* **Dataset extract**
○ ○ ○
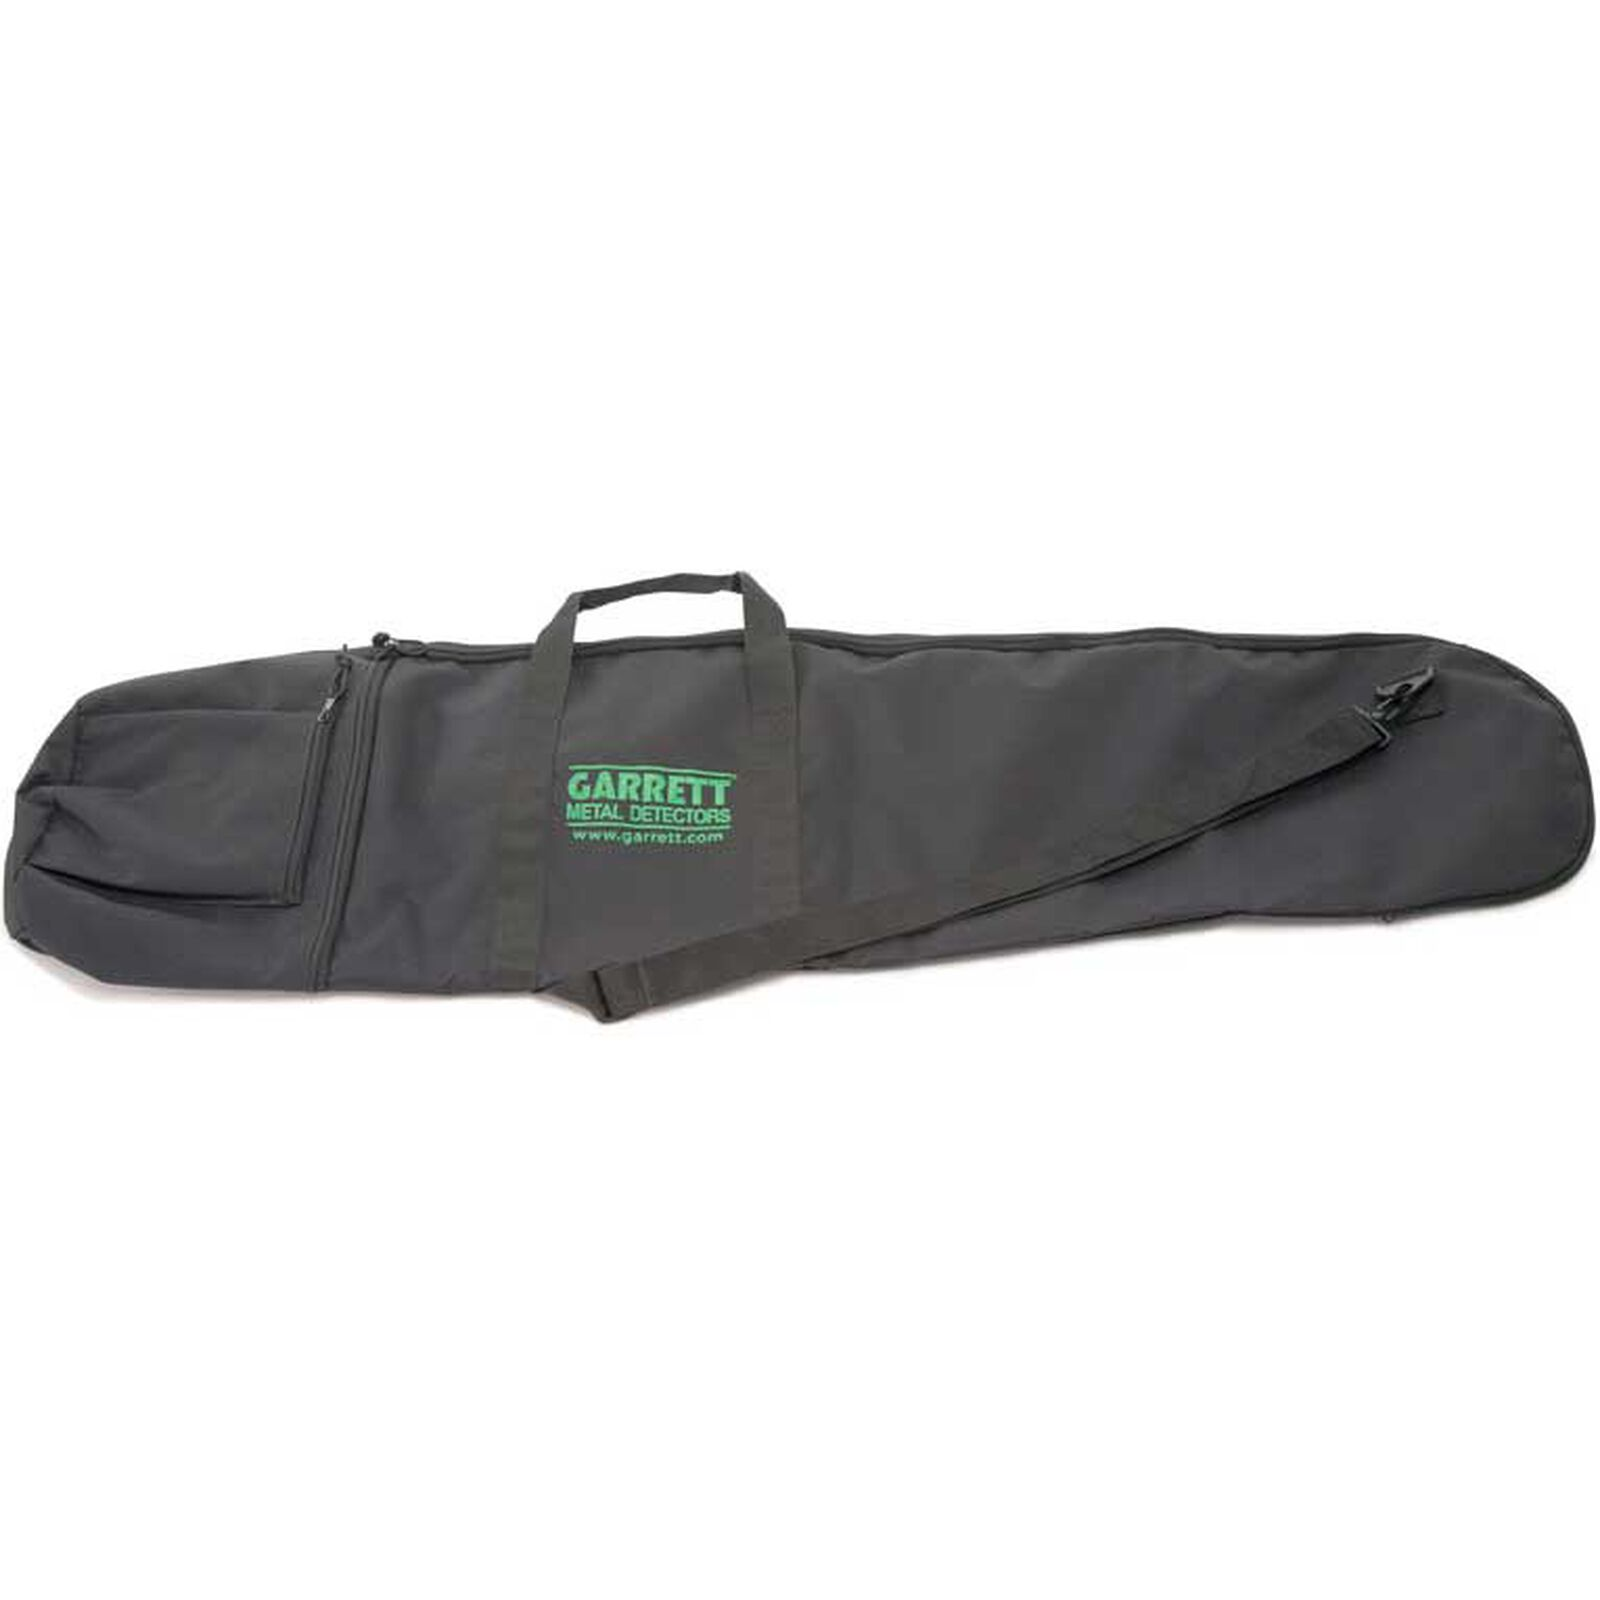 All-Purpose Carry Bag
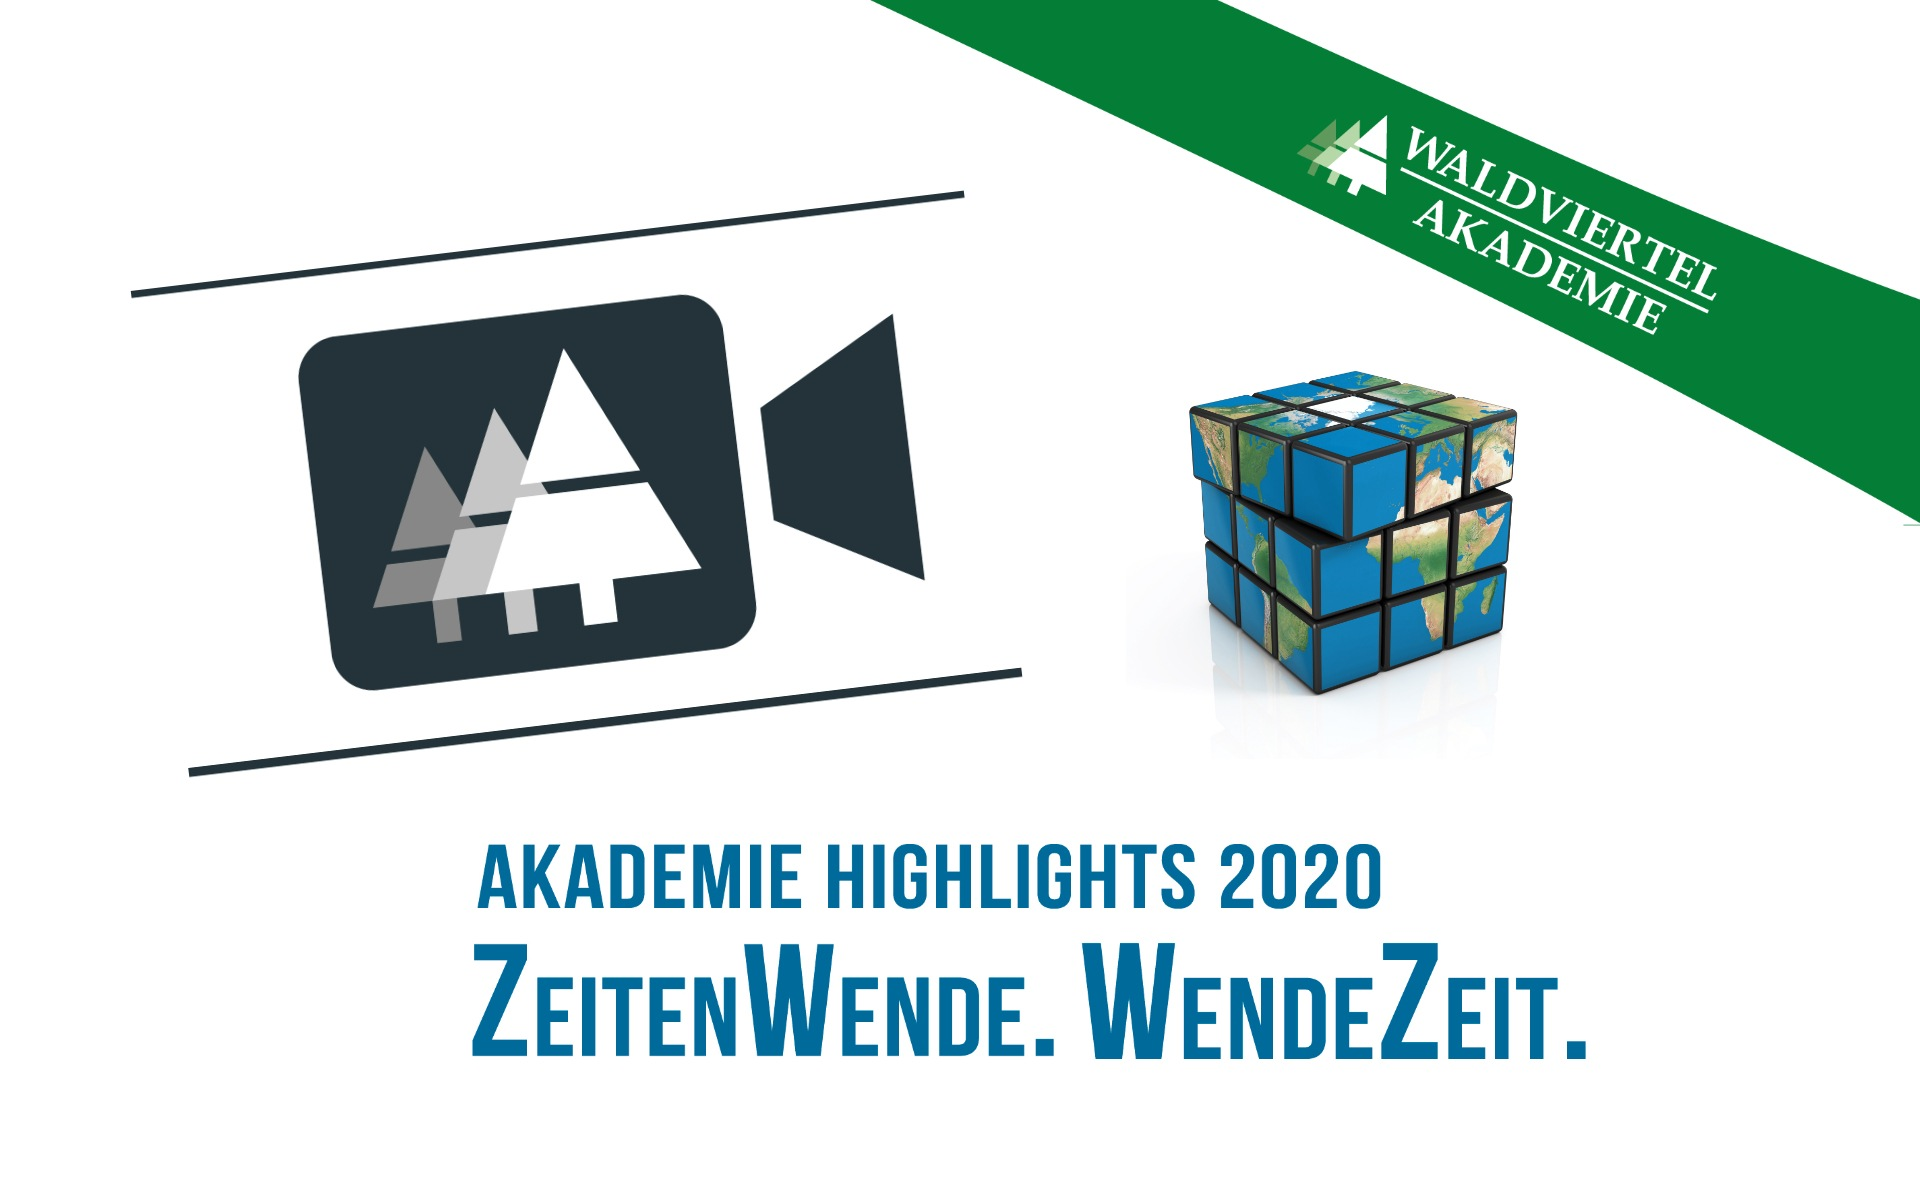 AKADEMIE-Highlights 2020 1
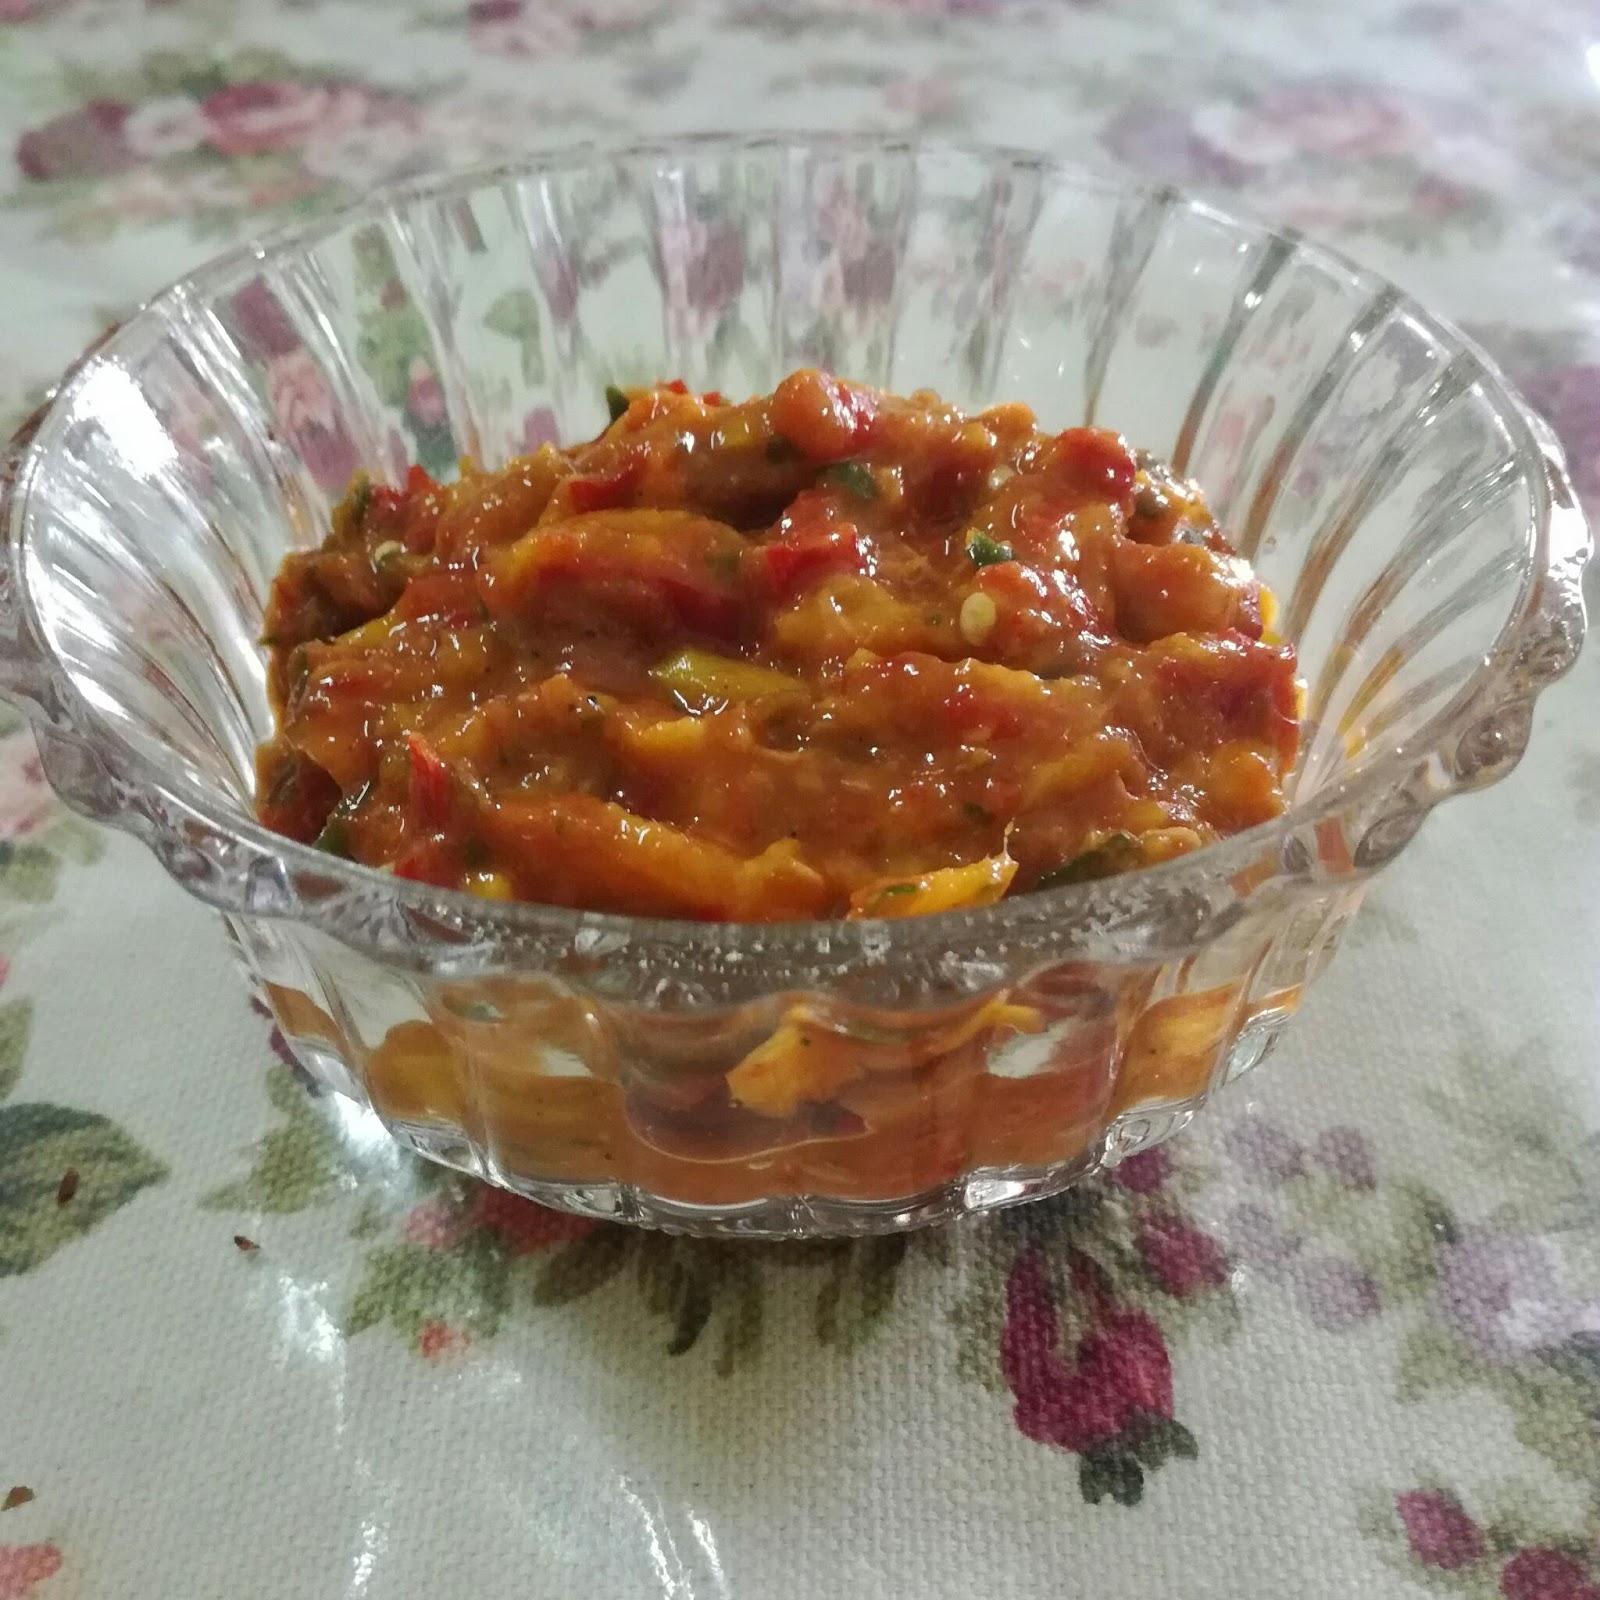 resep sambal kuini resepi sambal belacan buah kuini resepi merory sedap betul lihat Resepi Sambal Pecel Ayam Indonesia Enak dan Mudah
○ ○ ○
* **What you will do**
Extract the full listing above verbatim; pictures are to be left out of the copy.

* **Answer below**
 All-Purpose Carry Bag
 AKADEMIE-Highlights 2020 1
 resep sambal kuini resepi sambal belacan buah kuini resepi merory sedap betul lihat Resepi Sambal Pecel Ayam Indonesia Enak dan Mudah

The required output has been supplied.